Cured specimens (N = 3 from each material, incubation condition, and period) were incubated in sterile vials containing either 2 mL of brain-heart infusion (BHI) (Becton, Dickinson and Co., Sparks, MD, USA) (control group) or a 1:10 dilution in BHI of overnight S. mutans UA159 grown in BHI (test group). Incubation solutions were collected every 48 hrs from each group and replaced with fresh solutions. Incubation solutions were accumulated, pooled, and analyzed for isolation and quantification of BisHPPP degradation product at 2, 4, 7, 14, and 30 days by high-performance liquid chromatography (HPLC) as previously reported (Shokati et al., 2010). The purity of the bacterial culture was assessed by gram stain at each media replacement (Fucio et al., 2008).
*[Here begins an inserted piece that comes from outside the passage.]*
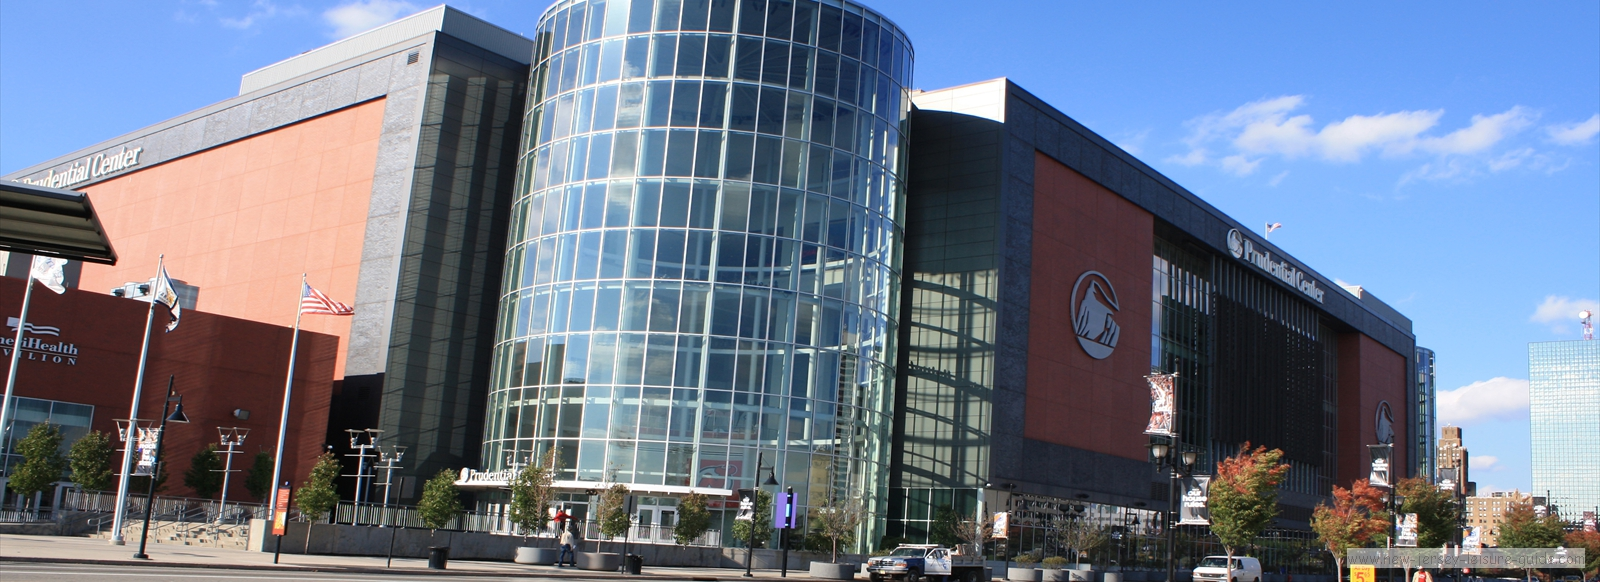 Prudential Center Newark Hotels
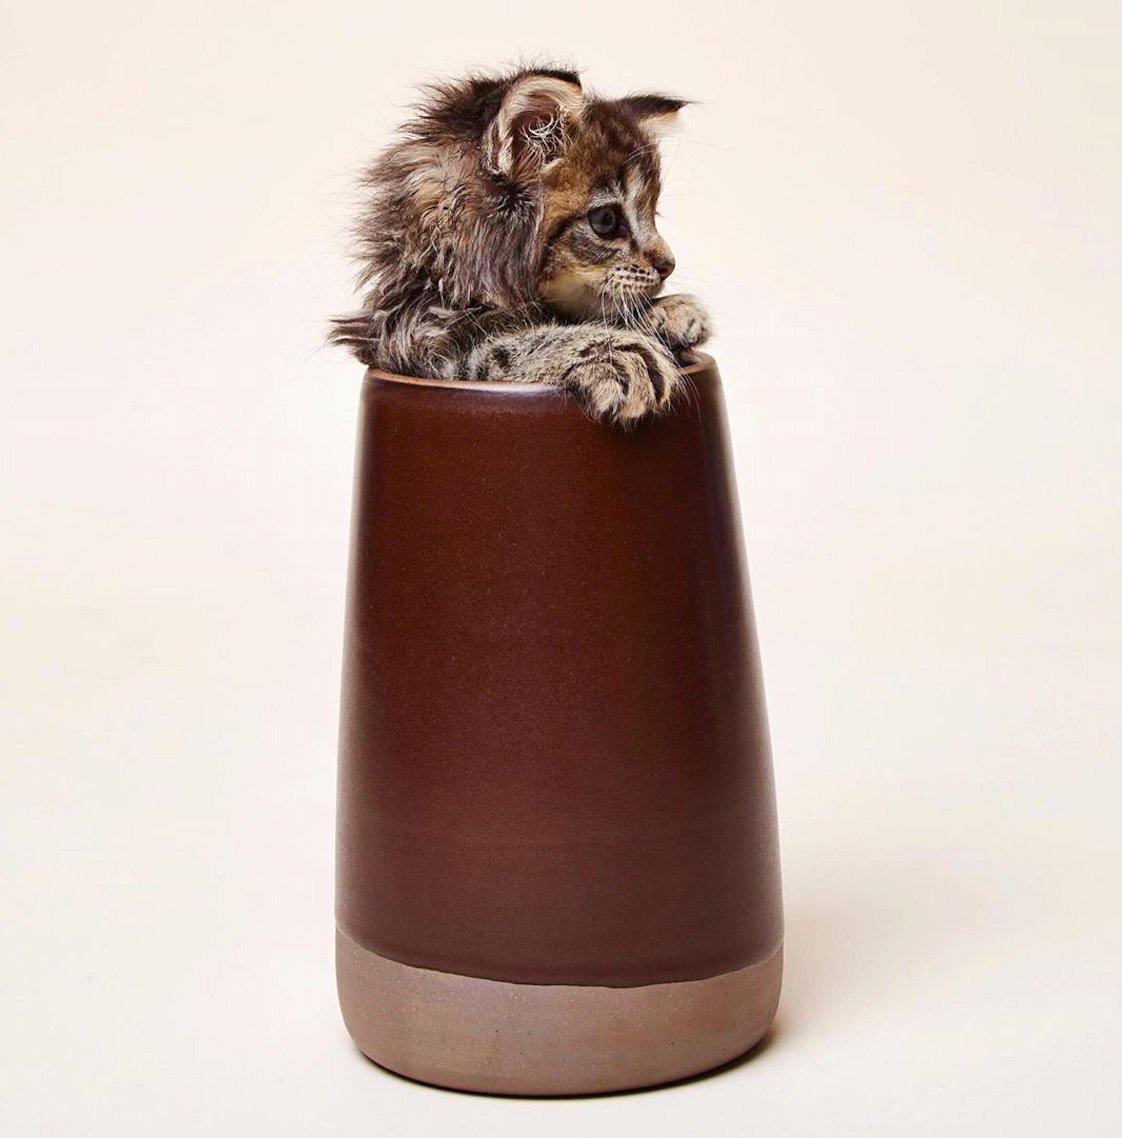 East Fork Pottery vase

Scanning Electron Microscopy (SEM)

Surface morphology observations for pre- and post-incubation specimens (N = 3 from each material, incubation condition, and period) were performed by scanning electron microscopy (S2500, Hitachi, Mito City, Japan) at an operating voltage of 10 kV as described previously (Shokati et al., 2010). Prior to observation, specimens were sonicated to remove bacterial cells from the surface for direct observation of the materials’ surfaces. Specimens from each group were analyzed after critical-point-drying (CPD 7501, Fisons Instruments VG Microtech, Uckfield, East Sussex, UK) and coated with platinum (SC515 SEM coating system, Polaron Equipment Ltd, Hertfordshire, UK).

Statistical Analysis

One-way analyses of variance (ANOVA) and Tukey’s multiple comparison tests were performed to determine differences in esterase activity profiles, advancing water contact angle, degree of conversion, or BisHPPP release. A t test was used to determine differences between BisHPPP release for the two incubation conditions (S. mutans + BHI or BHI alone) at the same time-point (p < .05).

Results

Bacterial Esterase Activity Assay

All strains of S. mutans had activity toward the nitrophenyl esters (Fig. 1). All strains had preference toward the p-NPA and p-NPB vs. o-NPB (p < .05), with no significant difference between the para-isomers. All S. mutans strains showed no activity toward BTC substrate. The highest activity with p-NPB was observed with S. mutans UA159, at 2.07 ± 0.15 units/mg dry cell weight.

Figure 1.

Figure 1.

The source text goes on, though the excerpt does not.